Профессор недовольно поморщился.
— Суха теория, Миша, голубчик. Мне это представлялось не более, чем забавным математическим экспериментом, расширением применения наших вычислительных методов к структуре нейронных связей мозга…
— А теперь стало ясно, что «чувствующие» — реально существуют! — строго сказал бородатый Миша. — И вы, вы, Эн-Эм, их предсказали, не отпирайтесь!
— Нобелевскую премию нам всё равно не дадут, Миша, урежьте, голубчик, восторги. Задумайтесь лучше, какова вероятность, что «чувствующей» оказалась вот эта девочка, одноклассница моего внука, а не мы с вами?.. В храм заглянуть желания не возникает?

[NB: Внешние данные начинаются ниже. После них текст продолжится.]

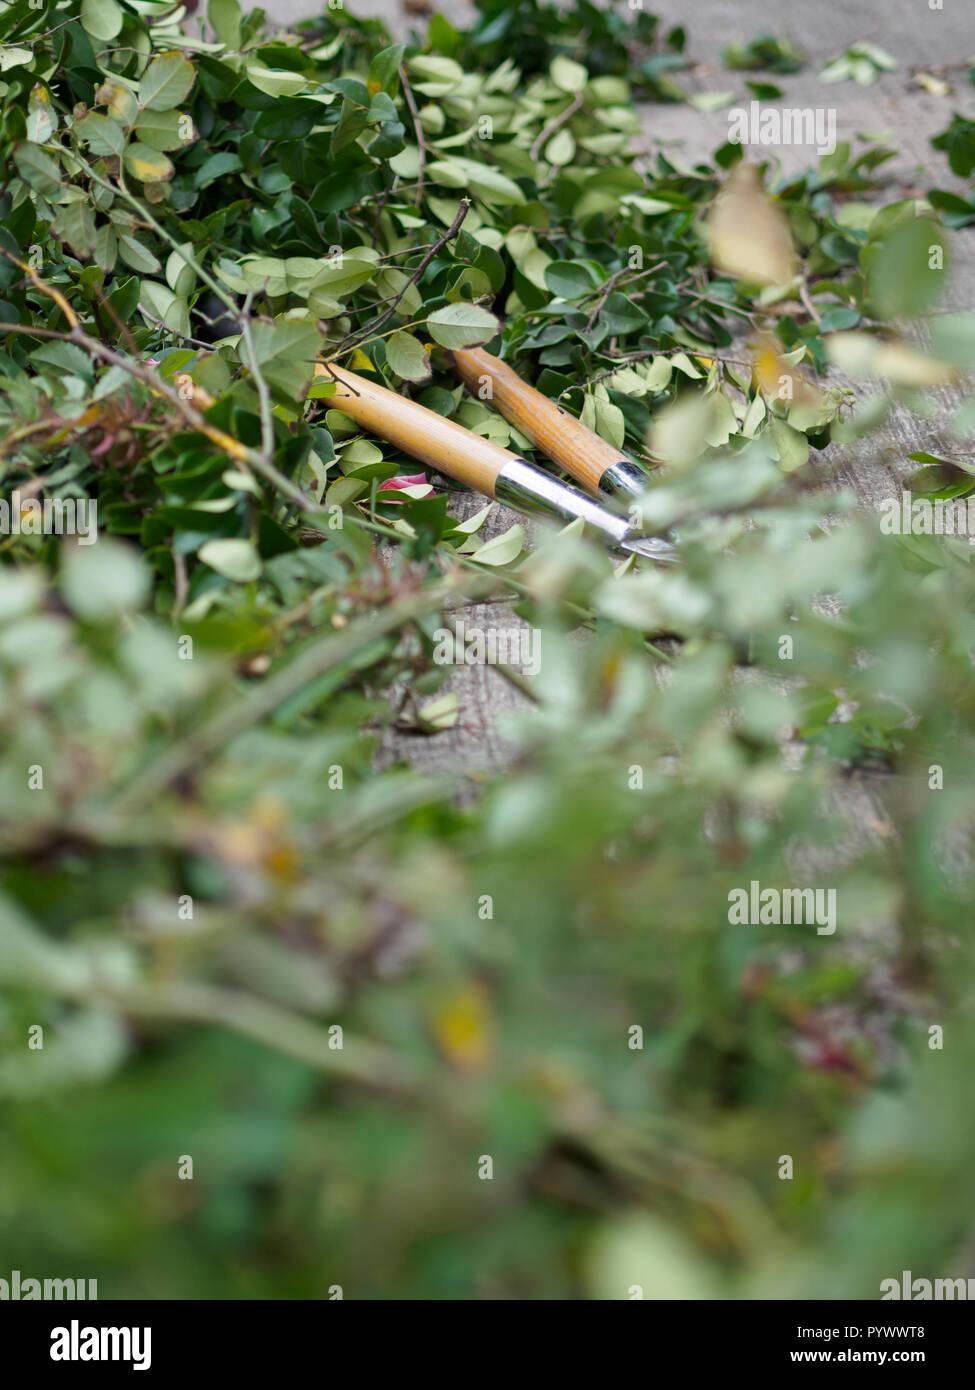 Yard lopper among bush clippings - Stock Image

— Ну Эн-Эм, ну бросьте вы это поповство! — отмахнулся Михаил. — У нас наука! У нас прорыв! На десять нобелевок! И на столько же ленинских, то есть я хотел сказать…
— Вот во всём вы, Миша, работник превосходный — и усердный, и внимательный, и воображение у вас работает, как теоретику и положено, и с красными-белыми всё правильно понимаете, а того лишь никак не уразумеете, что России без веры никак, мой дорогой.

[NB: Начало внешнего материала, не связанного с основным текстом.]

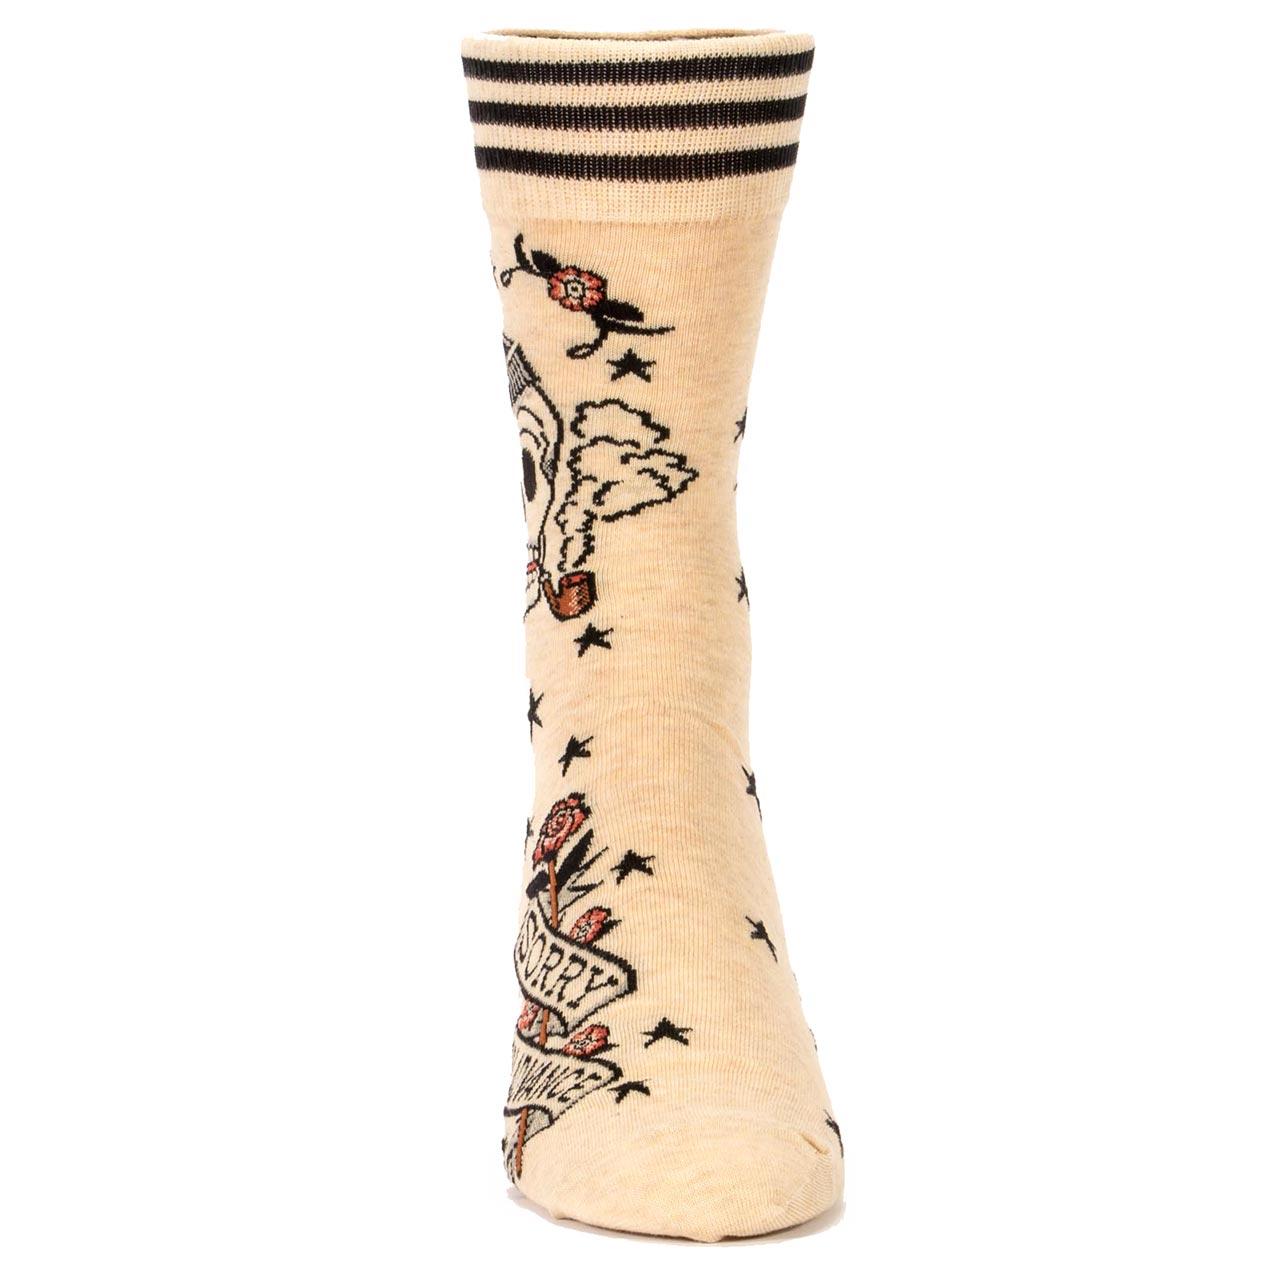 Blue Q Men's Socks 'Sorry In Advance' | the design gift shop

— Ну, Эн-Эм, ну вы же сами всё понимаете… — принимался спорить коротыш и Юлька тут уже переставала слушать. «Про Бога» — это было просто страшно. Церкви она боялась. Там были какие-то жутковатые «попы», которые «торговали опиумом для народа», там толпились столь же жутковатые старухи в уродливых салопах и платках, туда не ходили пионеры и октябрята, плохое, это, в общем, было место. И недаром в книжках и фильмах попы либо помогали белякам с кулаками, либо сами убивали наших — красных. И почему же такой хороший, такой добрый профессор — ходит, оказывается в эту ужасную церковь?..
…Но потом они возвращались обратно на загородную дачу, где ждал друг Игорёк, комаровский пляж, светлый песок и лёгкий прибой, в котором можно брести по колено долго-долго, а дно всё не будет понижаться. И они, спустившись лесной тропой до Приморского шоссе, перебежав его, увлечённо строили запруды на впадавшем в залив ручье, или просто валялись на солнышке; чтобы потом вернуться домой, и помогать Марии Владимировне — Юлька с каким-то удивительным даже для неё самой удовольствием помогала накрывать на стол, доставать старинные тарелки с вензелями, старое же серебро, украшенное гравированными инициалами; Николай Михайлович переодевался в «вечернее», обычно он даже дома ходил в белоснежной рубашке со строгим галстуком и запонками.
А потом Мария Владимировна садилась к фортепьяно. Играла Шопена, почему-то особенно его. Правда, в один из вечеров она сыграла совсем не классику. И вид у добрейшей Марии Владимировны был совсем недобрый.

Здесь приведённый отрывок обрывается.